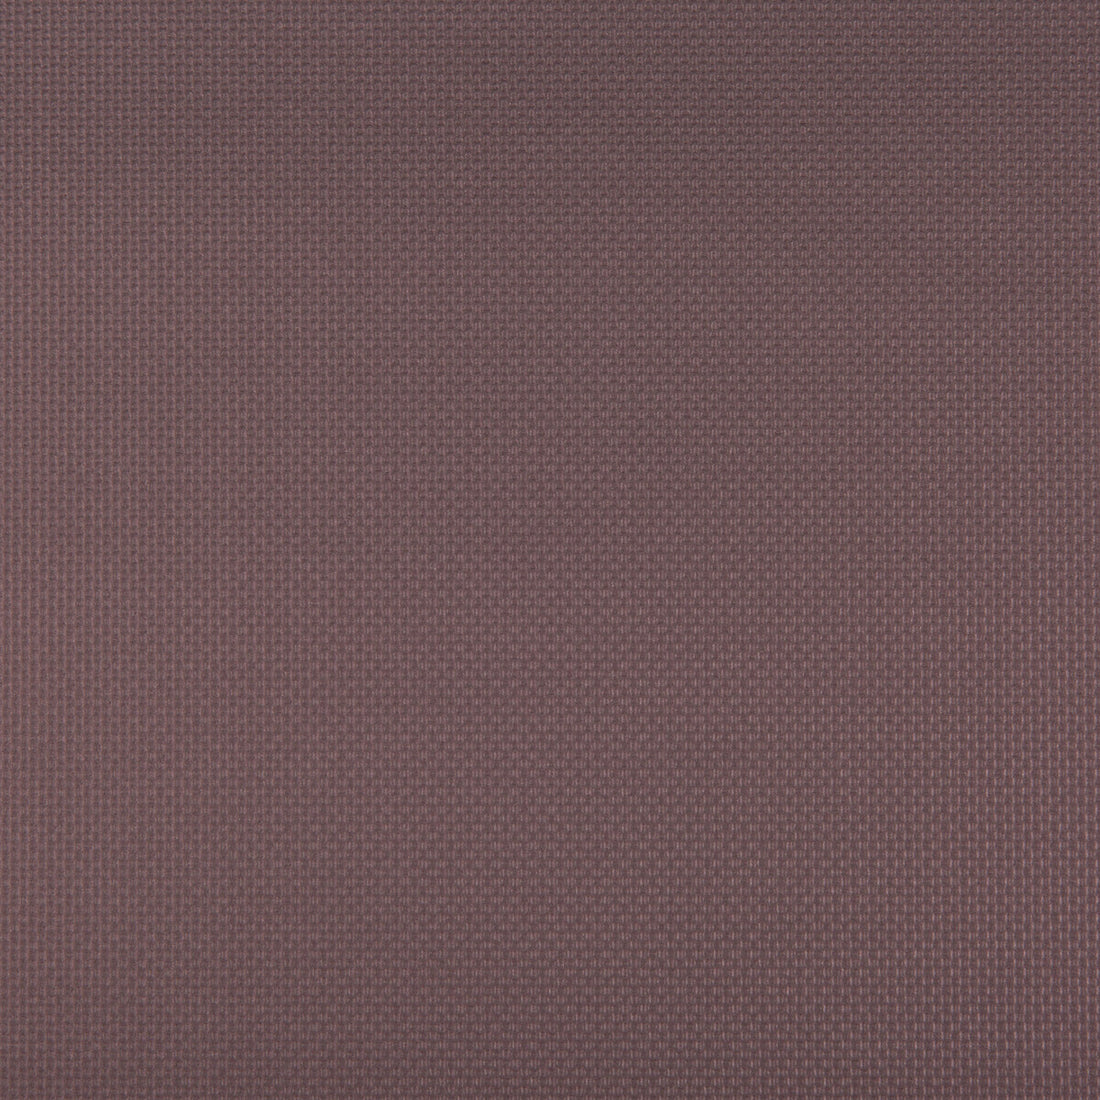 Sidney fabric in eggplant color - pattern SIDNEY.1010.0 - by Kravet Contract
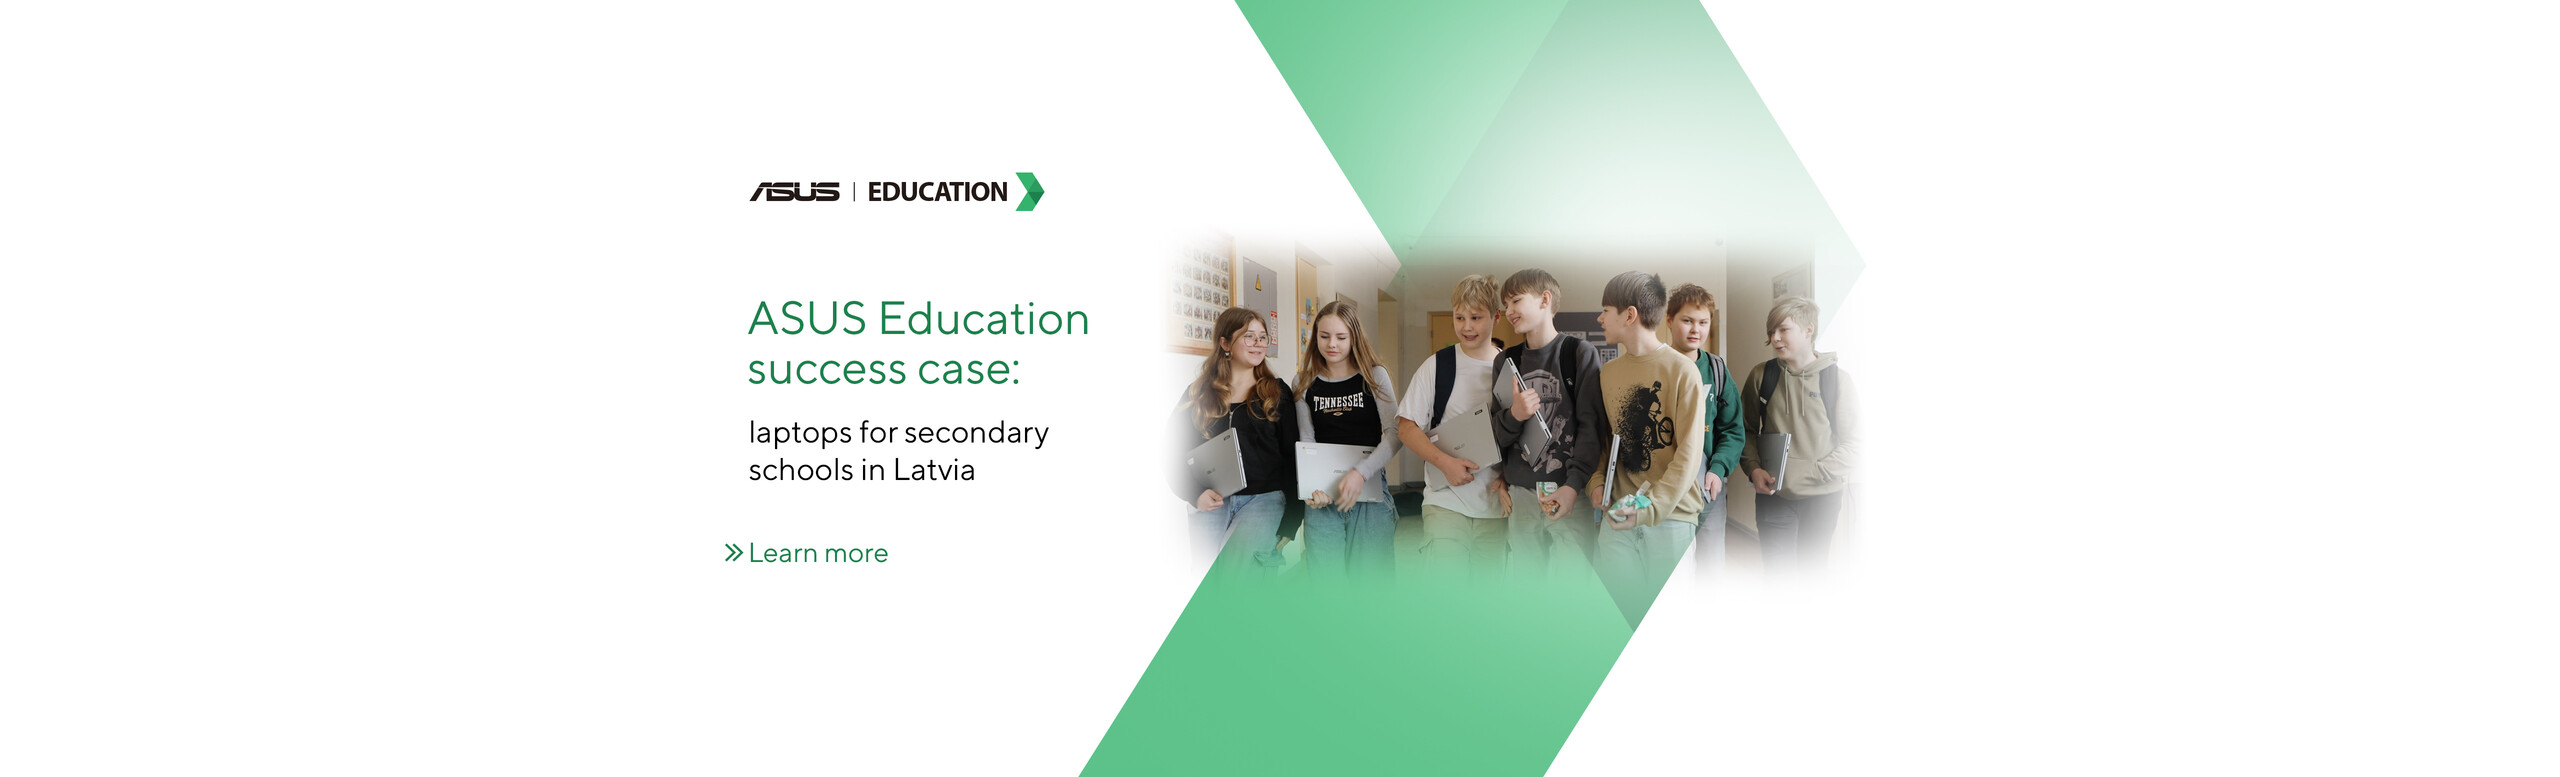 ASUS Education in Latvia ǀ ASUS laptops for secondary schools
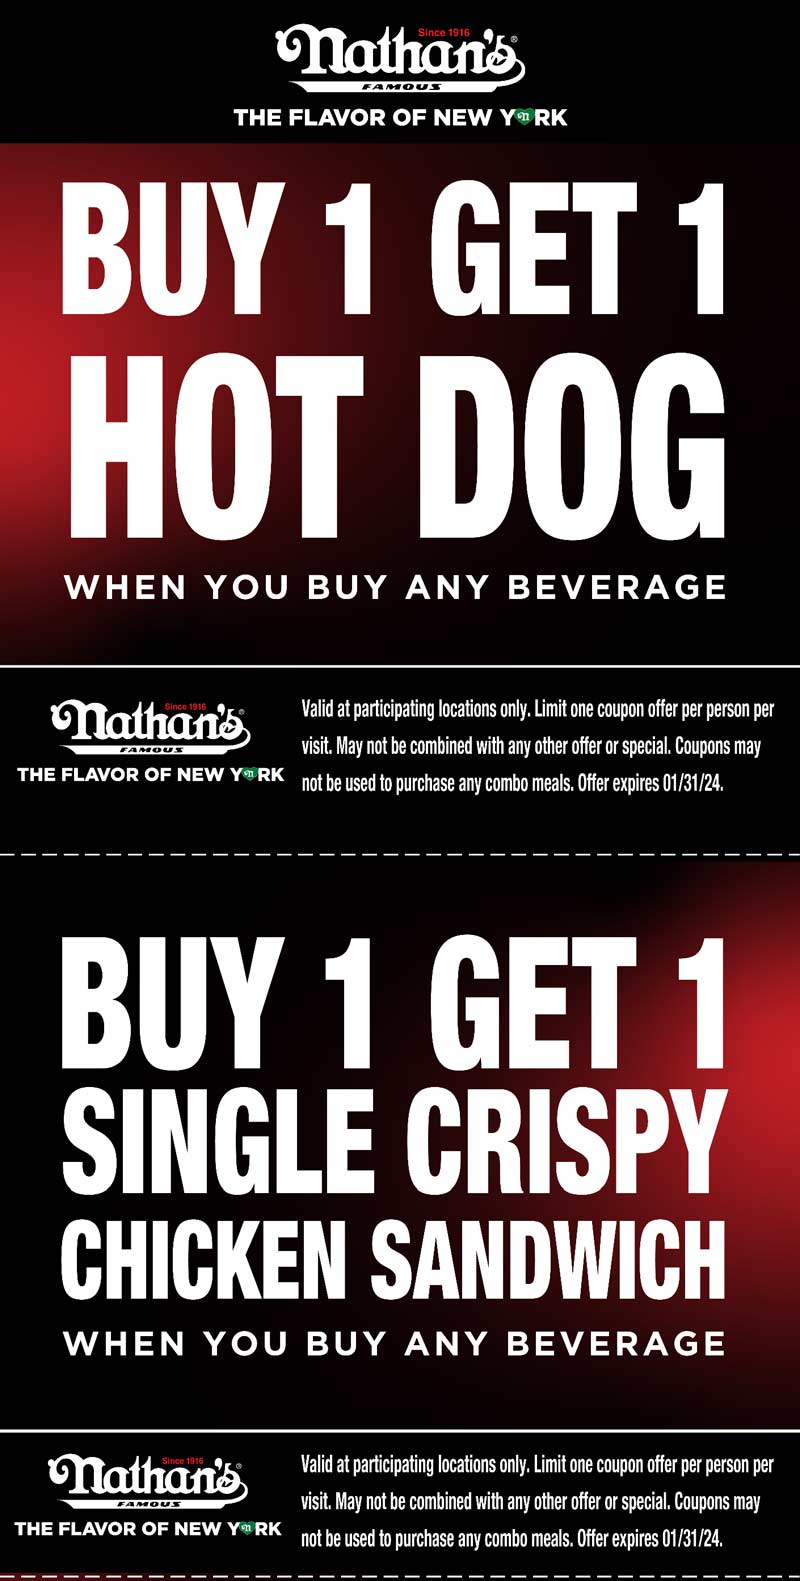 Nathans Famous restaurants Coupon  Second hot dog or chicken sandwich free with your drink at Nathans Famous #nathansfamous

◇ ◇ ◇ ◇

**What you need to do**
The copy should match each line above exactly and contain no images.

**Problem solution**
 Sidney fabric in eggplant color - pattern SIDNEY.1010.0 - by Kravet Contract
 ASUS Education in Latvia ǀ ASUS laptops for secondary schools
 Nathans Famous restaurants Coupon  Second hot dog or chicken sandwich free with your drink at Nathans Famous #nathansfamous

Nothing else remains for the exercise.